“It’s very exciting to discover a new neighbor of our solar system that is so close,” Kevin Luhman, an astronomer at Pennsylvania State University’s Center for Exoplanets and Habitable Worlds, said in a statement from NASA when the brown dwarf was discovered two years ago. “And given its extreme temperature, it should tell us a lot about the atmospheres of planets, which often have similarly cold temperatures.”
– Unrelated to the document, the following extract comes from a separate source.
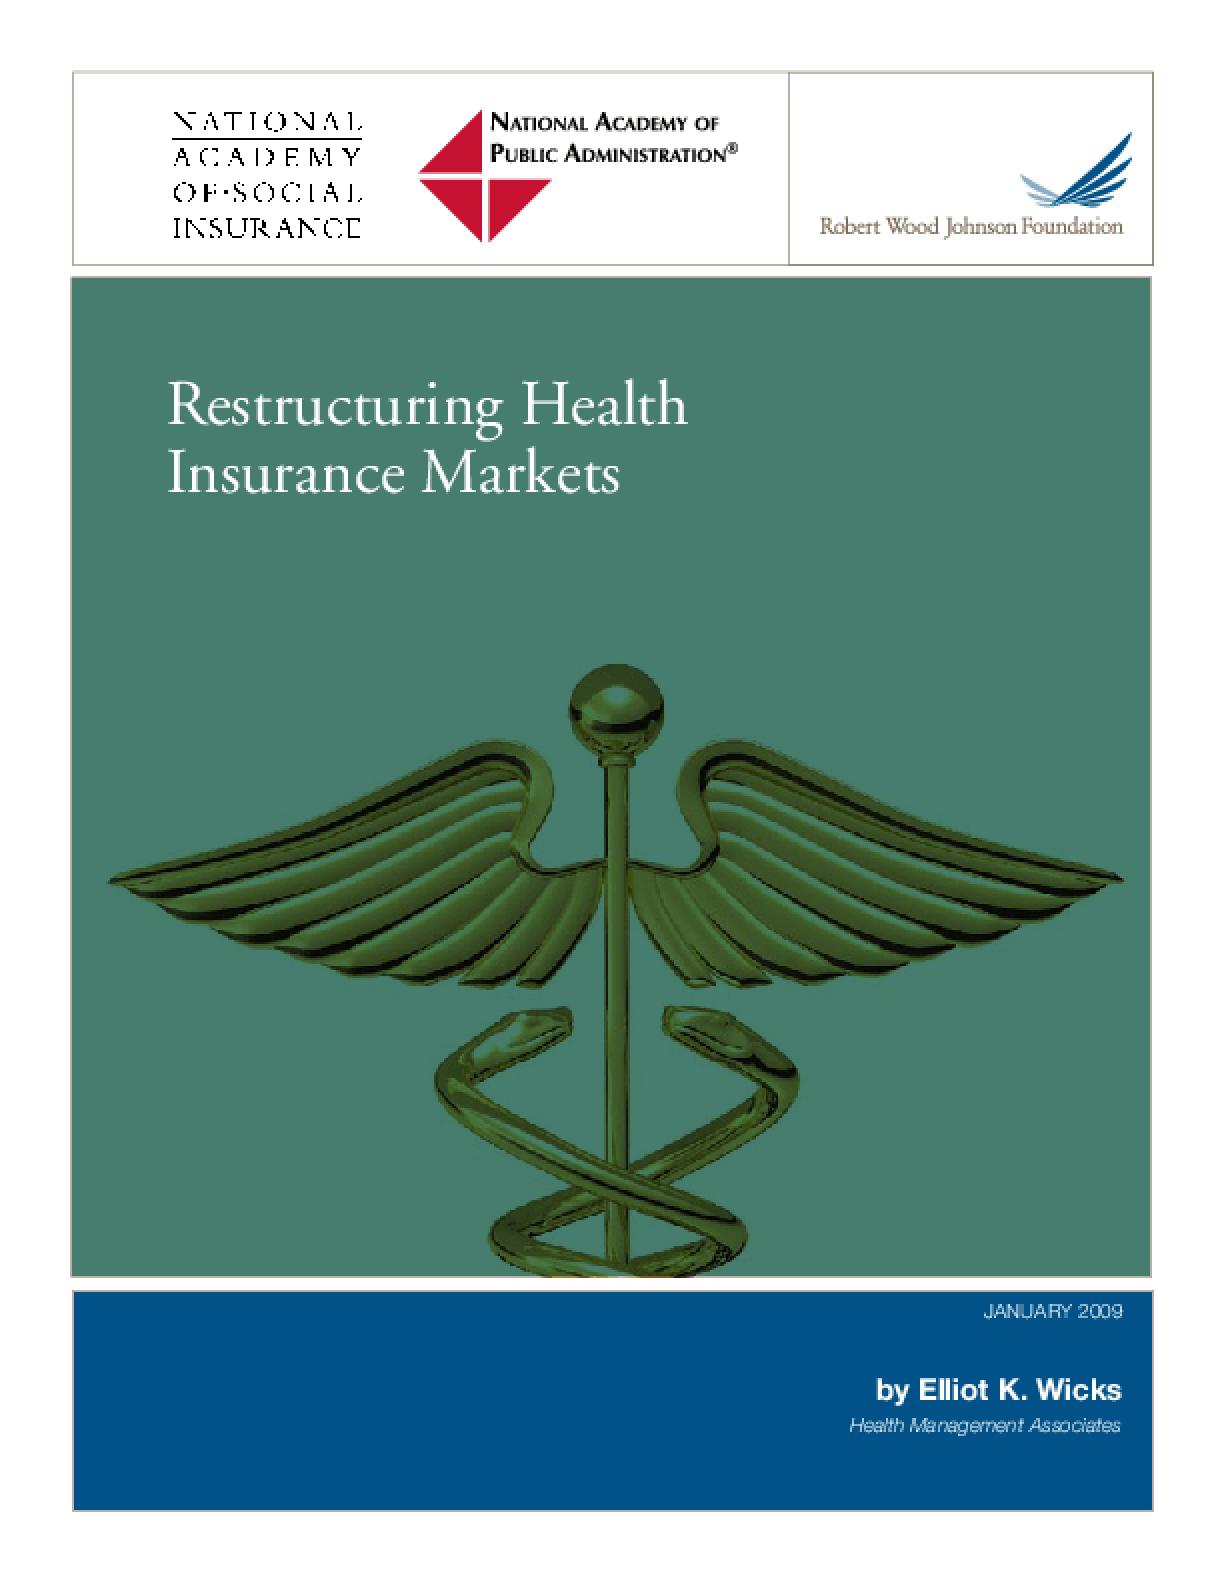 Restructuring Health Insurance Markets

In a study accepted for publication in Astrophysical Journal Letters (and currently available online at the research sharing site arXiv), astronomers say they have achieved the first spectroscopic study of WISE 0855, allowing them insight into its chemical composition.
“Now that we have a spectrum, we can really start thinking about what’s going on in this object,” lead author Andrew Skemer, an astronomer at the University of California at Santa Cruz, said in a statement.
According to Skemer, WISE 0855 is the dimmest object ever detected with this method, which separates light into its component wavelengths to find the signatures of various molecules. At roughly minus-10 degrees Fahrenheit (about the same temperature as the North Pole in May), the brown dwarf is too cold and dark to be analyzed with normal spectroscopy. Instead, Skemer and his colleagues used infrared measurements from the Gemini North telescope in Hawaii to interpret WISE 0855’s faint glow.
With that data, the astronomers detected water vapor in the brown dwarf’s atmosphere. Skemer’s team had suspected as much, based on photometric analysis he helped publish in 2014.
“We would expect an object that cold to have water clouds, and this is the best evidence that it does,” Skemer said of the recent study.
WISE 0855’s cold, cloudy atmosphere makes it a lot like Jupiter’s, with one key difference: It doesn’t have the molecule phosphine, which forms in Jupiter’s hot interior and reacts with other compounds in the planet’s upper atmosphere. Phosphine’s absence from WISE 0855’s spectrum suggests that the brown dwarf’s atmosphere is less turbulent.
Comparing the two bodies could help astronomers understand the chemistry of water on celestial bodies beyond our own.
“The spectrum allows us to investigate dynamical and chemical properties that have long been studied in Jupiter’s atmosphere, but this time on an extrasolar world,” Skemer said.